[Paper] SARAH: Spatially Aware Real-time Agentic Humans
Source: arXiv - 2602.18432v1
Overview
The paper introduces SARAH – a real‑time, fully causal system that gives virtual agents spatial awareness during conversations. By jointly processing a user’s 3‑D position and dyadic audio, SARAH generates full‑body motion that not only syncs gestures with speech but also orients the avatar toward the interlocutor and controls gaze intensity on the fly. This is the first approach that can run on a streaming VR headset at hundreds of frames per second, opening the door to truly interactive digital humans.
Key Contributions
- First causal, streaming architecture for spatially‑aware conversational motion, enabling inference on low‑latency devices (e.g., VR headsets).
- Hybrid VAE‑Transformer + flow‑matching model that interleaves latent tokens for continuous streaming and conditions motion on both user trajectory and audio.
- Gaze scoring mechanism with classifier‑free guidance, separating learned natural eye‑contact behavior from user‑controlled gaze intensity at inference time.
- State‑of‑the‑art motion quality on the Embody 3D dataset, achieving >300 FPS (≈3× faster than prior non‑causal baselines).
- Live VR demo validating end‑to‑end deployment in a telepresence scenario.
Methodology
- Input Stream – The system receives two real‑time streams: (a) the user’s 3‑D position (head and hand trackers) and (b) a dyadic audio waveform.
- Causal VAE‑Transformer – A variational auto‑encoder encodes past motion frames into a latent space. A causal transformer processes these latents token‑by‑token, ensuring that each output only depends on already‑observed data (no future look‑ahead).
- Interleaved Latent Tokens – To support continuous streaming, latent tokens are interleaved with “control tokens” that carry the latest user pose and audio features, allowing the model to update its prediction at every frame.

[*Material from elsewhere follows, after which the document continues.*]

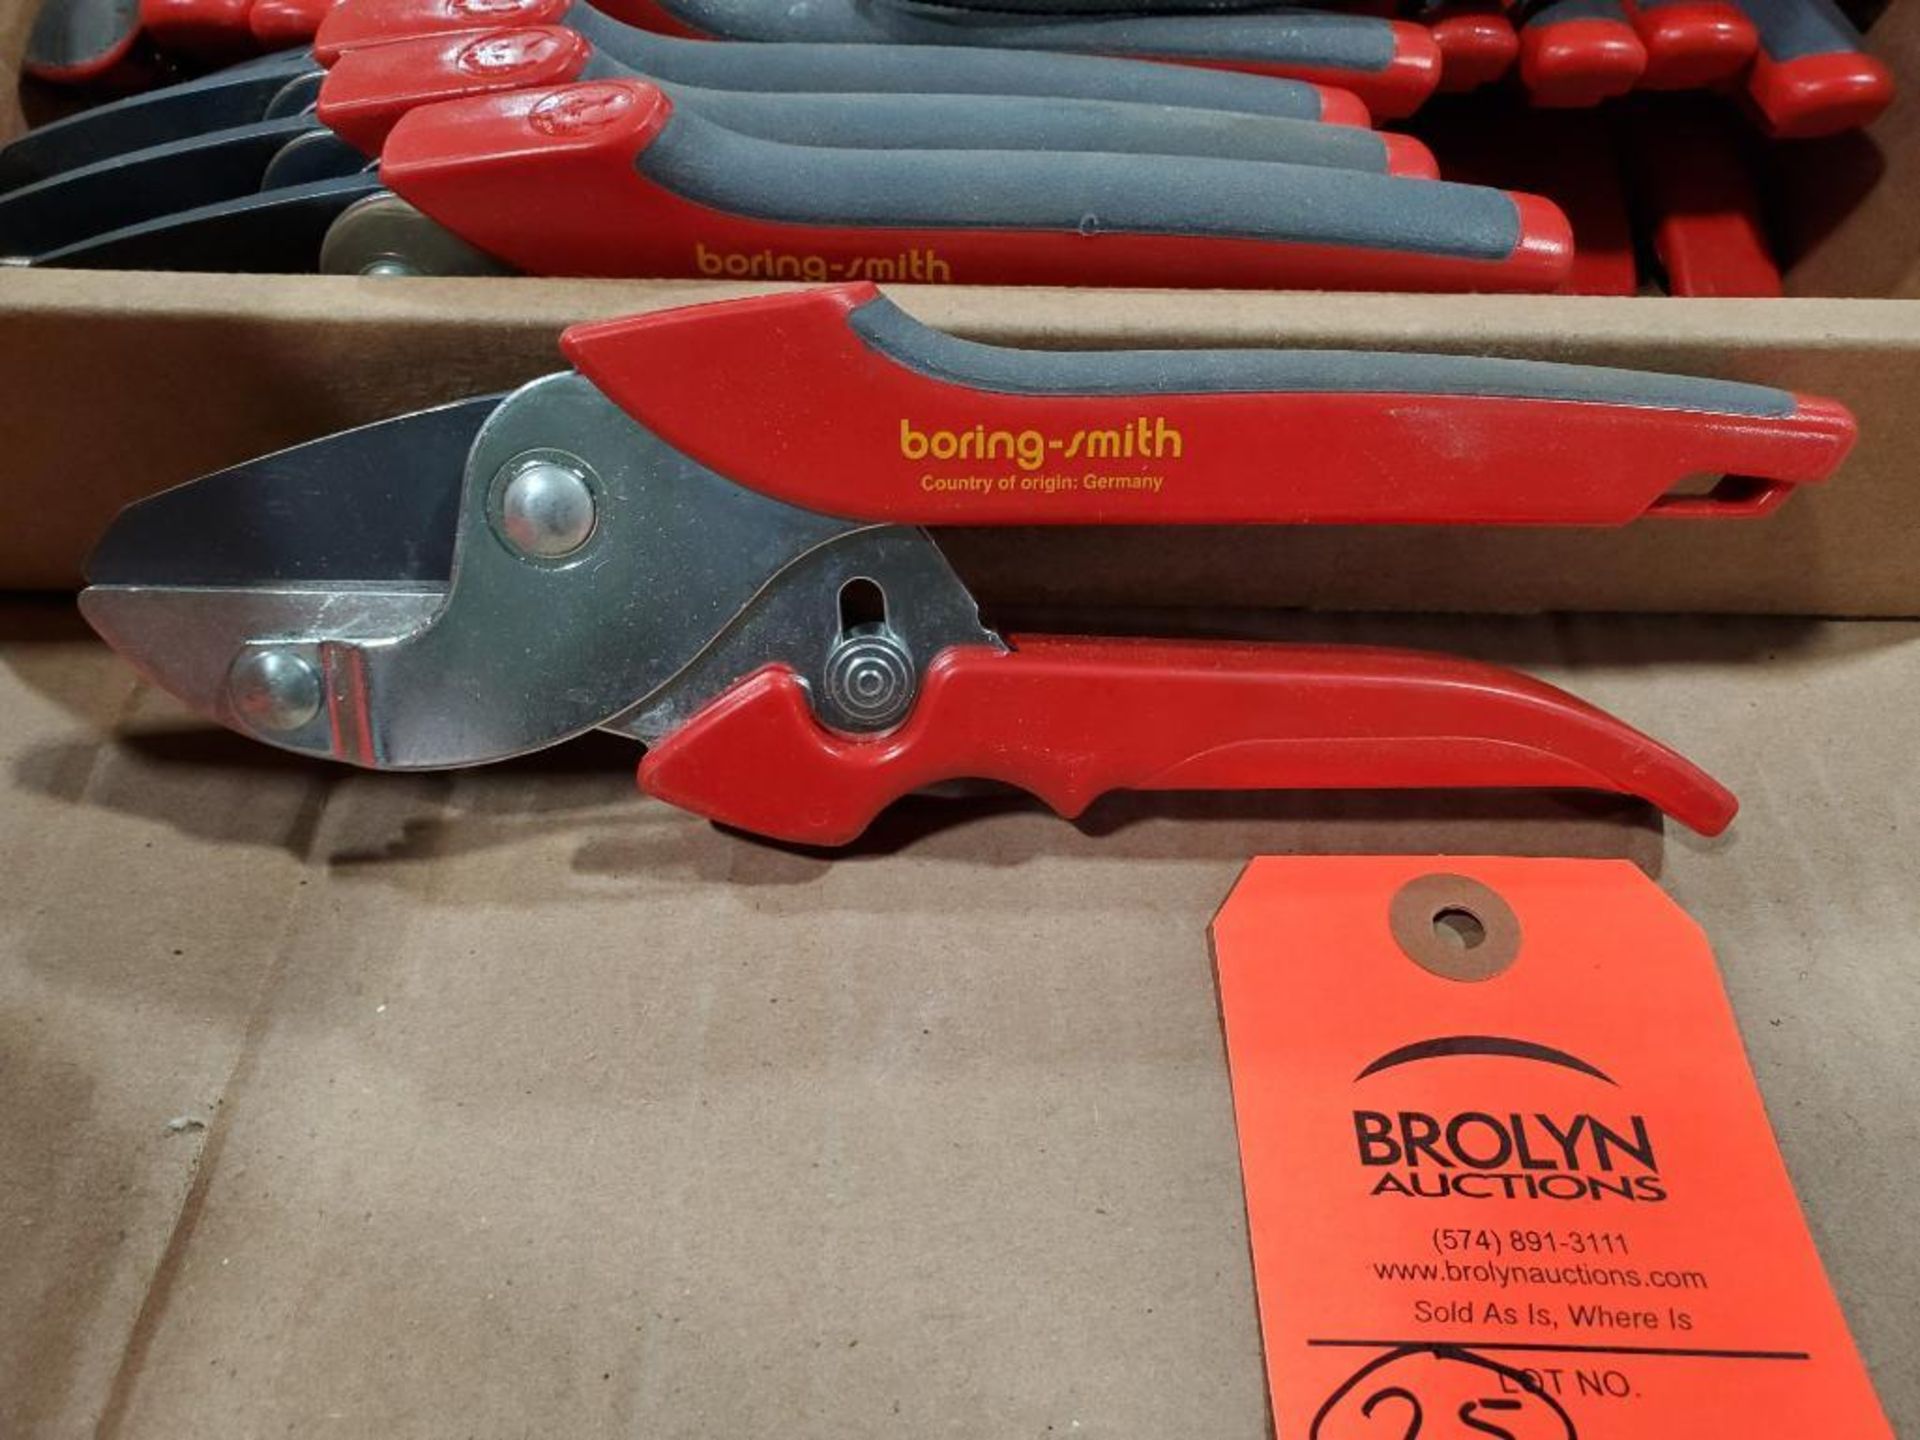 Qty 25 - Boring-Smith anvil pruner cutter. - Image 2 of 3

- Flow‑Matching Decoder – Instead of a traditional autoregressive decoder, a flow‑matching network directly maps latent trajectories to full‑body joint positions, conditioned on the user’s trajectory and audio. This yields fast, high‑fidelity motion synthesis.
- Gaze Scoring & Classifier‑Free Guidance – A lightweight classifier predicts a “gaze score” (how much eye contact is natural) from the latent representation. During inference, developers can steer this score up or down, effectively controlling how strongly the avatar looks at the user without retraining the model.
Results & Findings
- Motion Quality – On the Embody 3D benchmark, SARAH outperforms prior non‑causal methods in both objective metrics (e.g., lower mean per‑joint error) and human perceptual studies (participants rated SARAH’s avatars as more natural).
- Speed – The pipeline runs at >300 FPS on a consumer‑grade GPU, which is roughly 3× faster than the best non‑causal baseline, meeting the sub‑10 ms latency requirement for immersive VR.
- Spatial Dynamics – The model captures subtle conversational cues: turning the torso toward a moving user, adjusting shoulder orientation, and modulating gaze based on the learned scoring function.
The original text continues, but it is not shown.